= María Isabel Siewers =

Argentine guitarist

María Isabel Siewers (born October 22, 1950) is an Argentine classical guitarist.

A pupil of María Luisa Anido, her international performance career began after winning the 2nd Prize at the Concours International de Guitarre de Paris in 1974.

María Isabel Siewers has performed in Wigmore Hall (London), the Vienna Konzerthaus, Martinu Hall (Prague), Carnegie Hall (New York), the Théâtre des Champs Elysées (Paris), she has played in many important music festivals and has appeared as soloist with, amongst others, the Argentine National Symphony Orchestra, the Prague Virtuosi, the Radio/TV Orchestra of Zagreb, the Bohemian Chamber Orchestra, the National Symphony Orchestra of Cuba, the Kraków Philharmonic, and the Chamber Orchestras of Mayo and Morón (Argentina).

She has regularly toured, taught, and served in juries for international competitions throughout Europe, North and South America, Australia, and New Zealand.

Isabel has occupied several teaching posts in Argentina and, since 1989, she has been head of a guitar department in the Mozarteum University of Salzburg, Austria.

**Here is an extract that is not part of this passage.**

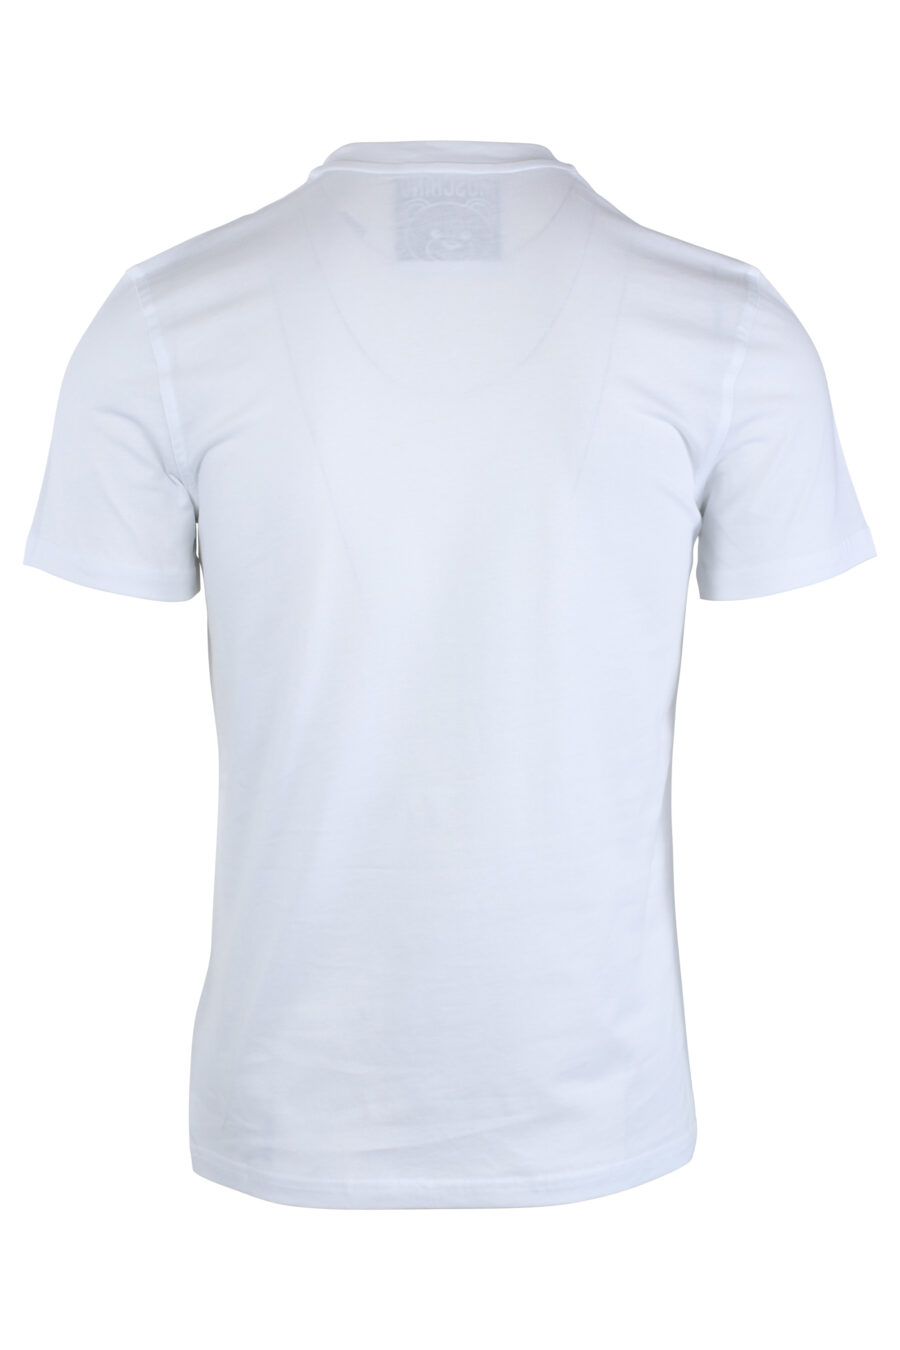 T-shirt blanc avec ours monochrome minilogue - IMG 1650
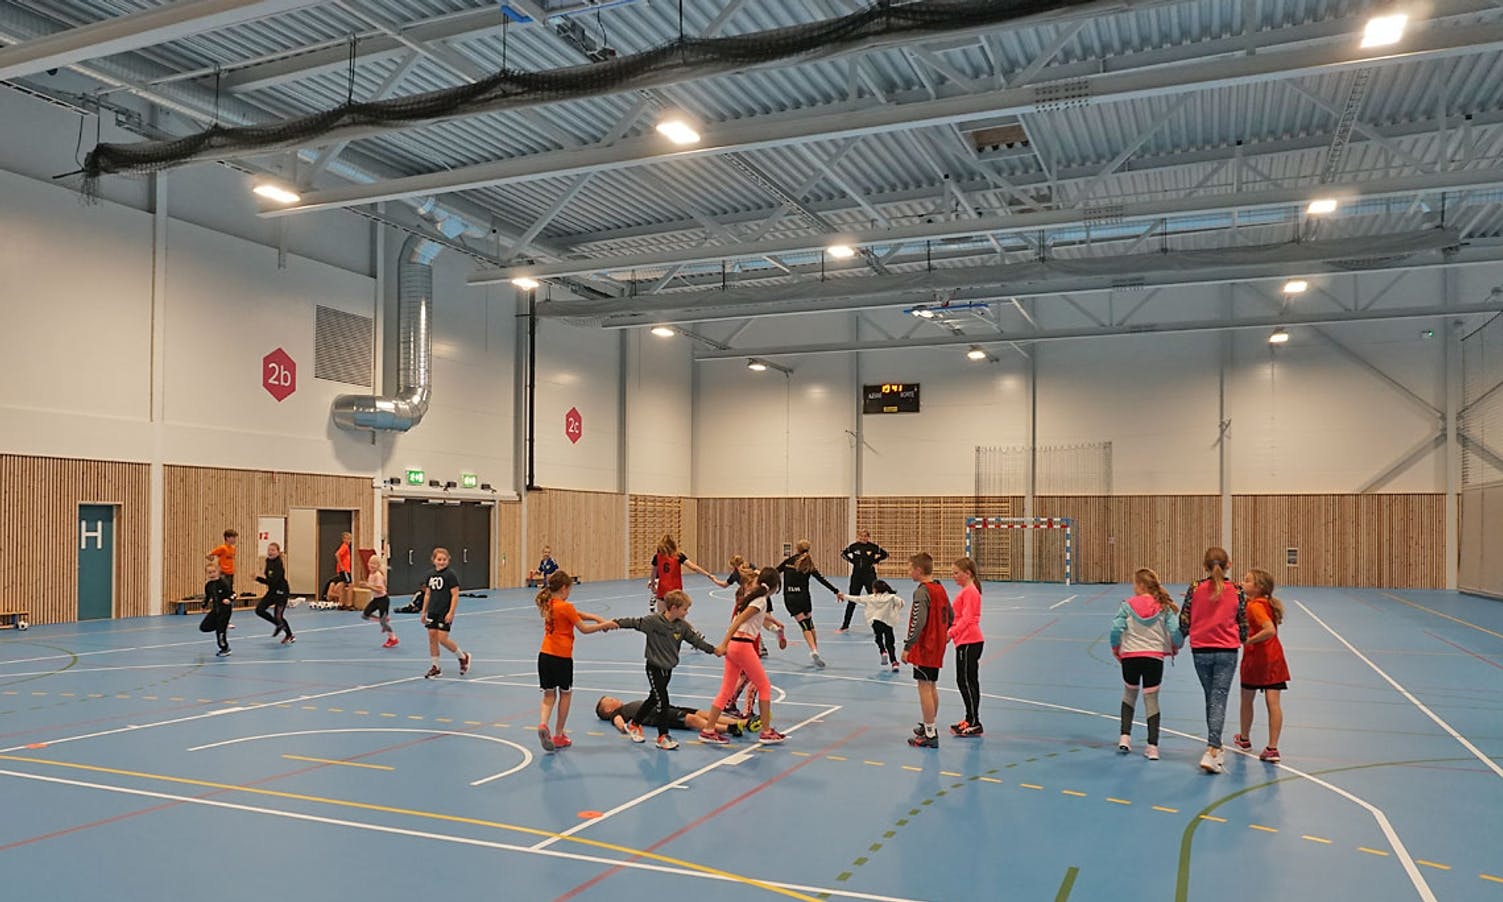 Handballskulen handlar sjølvsagt mest om handball. (Foto: KOG)

In seeking to expand the repertory of the guitar she has commissioned new works and has premiered numerous solo and chamber works and concertos

Pieces written for Isabel Siewers include:
- Sylvie Bodorova: Gypsy ballad (Guitar solo), Concierto de Estío (Guitar and strings)
- José Luis Campana: Tres Piezas
- Jorge Cardoso: Preludio y danza (guitar solo)
- John Duarte: Sonatina del Sur (guitar solo)
- Marios Elias Jounnou: Quartetto per due (violin and guitar), “La Caja” (performer and guitar)
- Gustavo Kantor: Vidala (guitar solo)
- Sergio Parotti: Quintet for guitar and strings
- Máximo Diego Pujol: Elegía (guitar solo)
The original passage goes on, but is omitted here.